> **Task objective**:
Please keep the images out and set down the data exactly as given.

> **Collected data**:
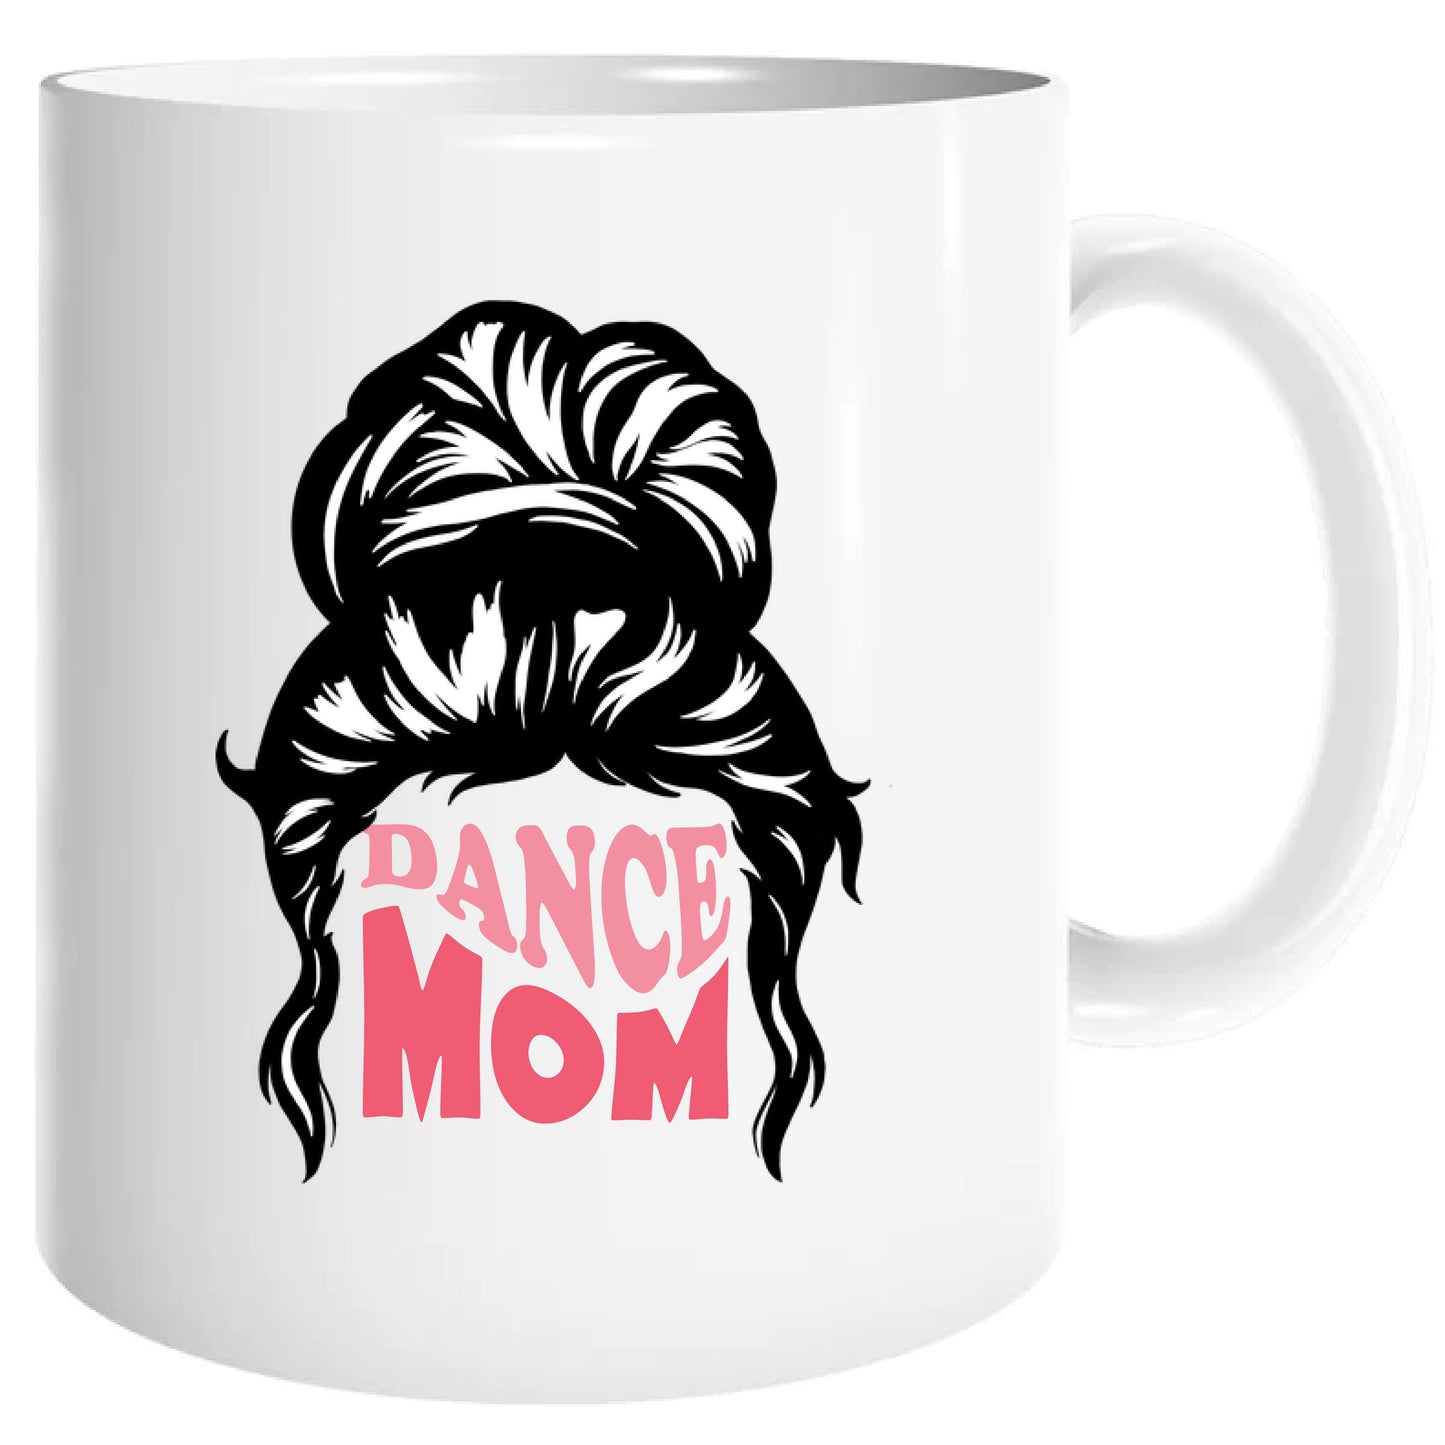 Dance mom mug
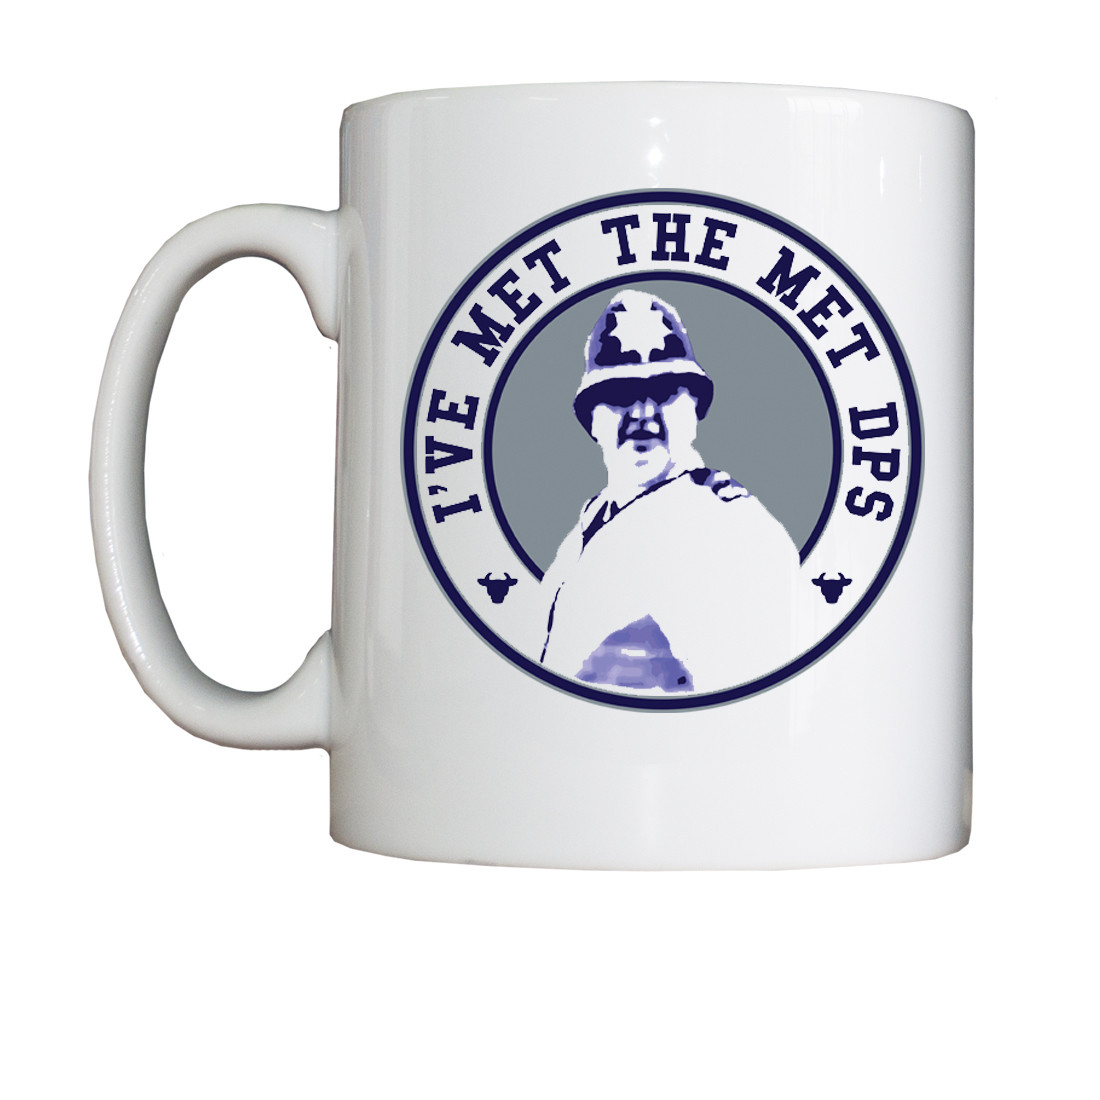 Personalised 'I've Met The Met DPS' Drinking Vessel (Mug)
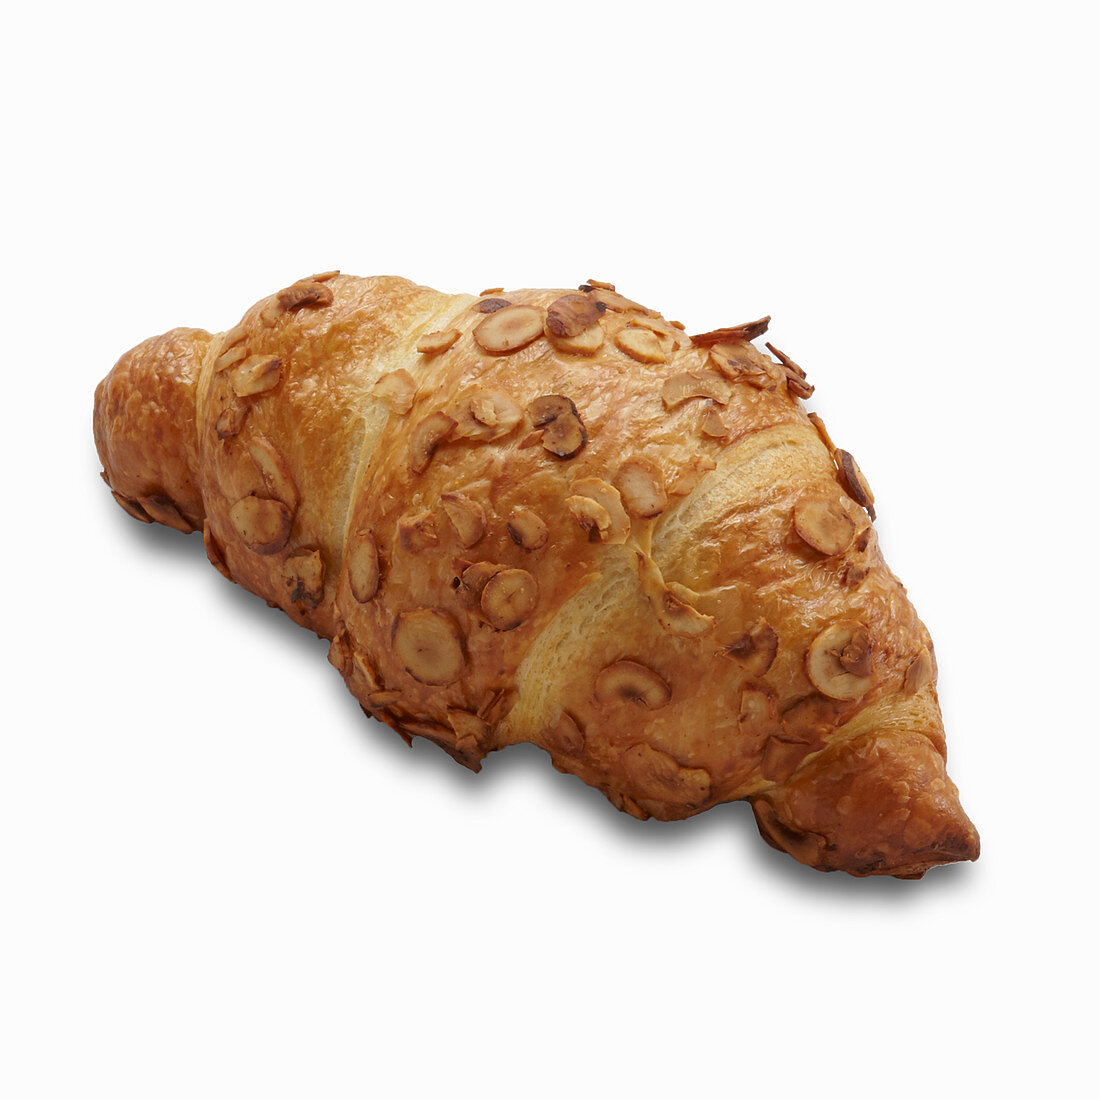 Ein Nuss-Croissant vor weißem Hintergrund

> **Solution for this task**:
 Dance mom mug
 Personalised 'I've Met The Met DPS' Drinking Vessel (Mug)
 Ein Nuss-Croissant vor weißem Hintergrund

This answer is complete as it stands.